Numerous studies have already been sketched out warning that the pandemic was wearing out the medical community, causing an epidemic of Burnout Syndrome, “defined as an excessive and prolonged stress whose main components are emotional fatigue causing energy loss, wear out feeling and fatigue,” which lead to diminished working ability and depression, according to a paper by published a Brazilian medical journal.
Faced with the dangers and stress of the pandemic era, many physicians and nurses have taken early retirements, or simply quit their jobs. In Turkey, between 200 and 300 hundred physicians have either applied to retire or stopped showing up for work, said the head of the doctors association. Tascioglu was set to retire from clinical practice this year, though he was eager to keep teaching.
The shortfall in experienced and well-trained medical personnel will be global. Jordan Search Consultants, an American recruitment firm, predicts an “unprecedented demand for providers unlike what hospitals have ever dealt with before” as a result of Covid-19.
“People are asking, am I prepared to take that level of personal risk and sacrifice?” says Catton.

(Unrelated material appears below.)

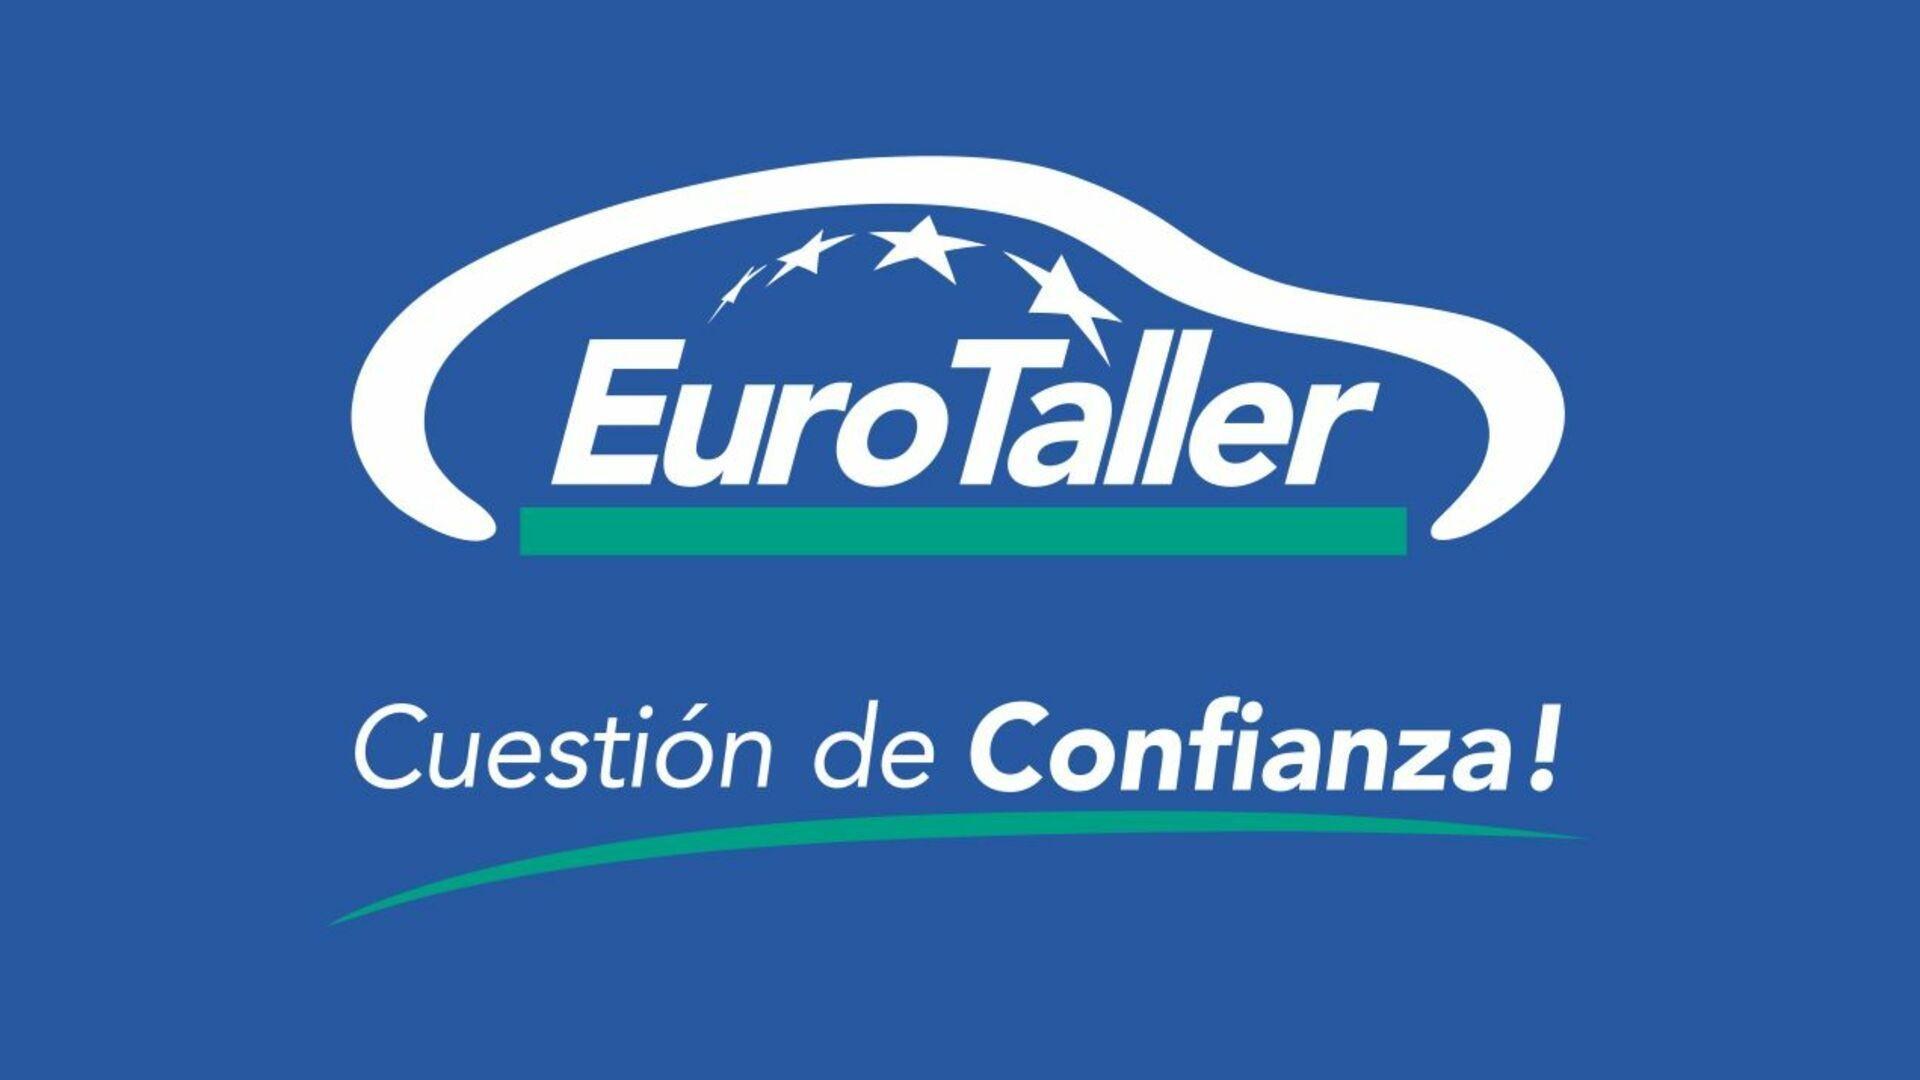 resource5b14f1da6e467_jobacarcom_eurotaller-jobacar-tu-taller-multimarca-en-tarragona

The pandemic has also complicated efforts to quickly train up new physicians. Remote learning means medical students are unable to shadow physicians or work as volunteers at medical facilities and are denied access to laboratories or morgues.

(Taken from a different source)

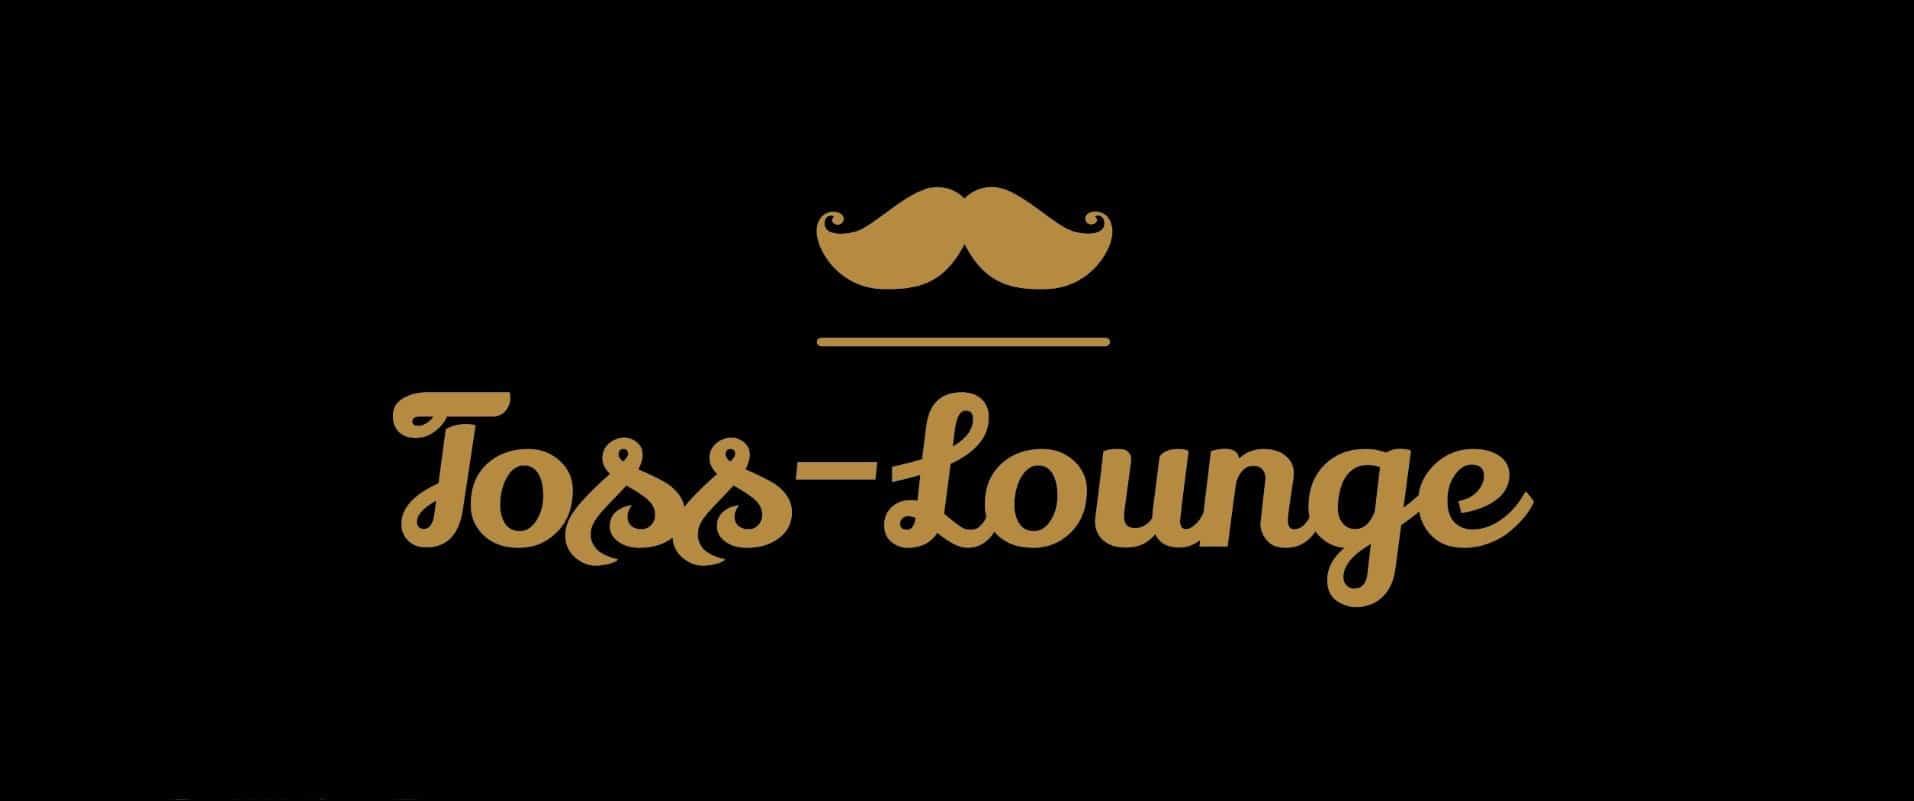 Toss Lounge

“We’ve seen a dramatic decrease in our ability to train doctors,” says Omar Khorshid, president of the Australian Medical Association, speaking in a telephone interview from Perth. “We’ve been unable to perform exams. We’ve had difficulty performing the selection processes.”
Doctors and nurses across the world have staged protests, demanding better conditions, pay and safety equipment. “Nurses say enough with the clapping and applause,” says Catton. “Get us the personal protective equipment and testing we need.”
But even as it has underscored the healthcare failure of governments, the pandemic has also brought the medical community together across the world like nothing before, as physicians share clinical experiences and researchers race to find treatments and a vaccine — potentially establishing protocols, precautions and treatments that can be applied to the next pandemic to strike the world.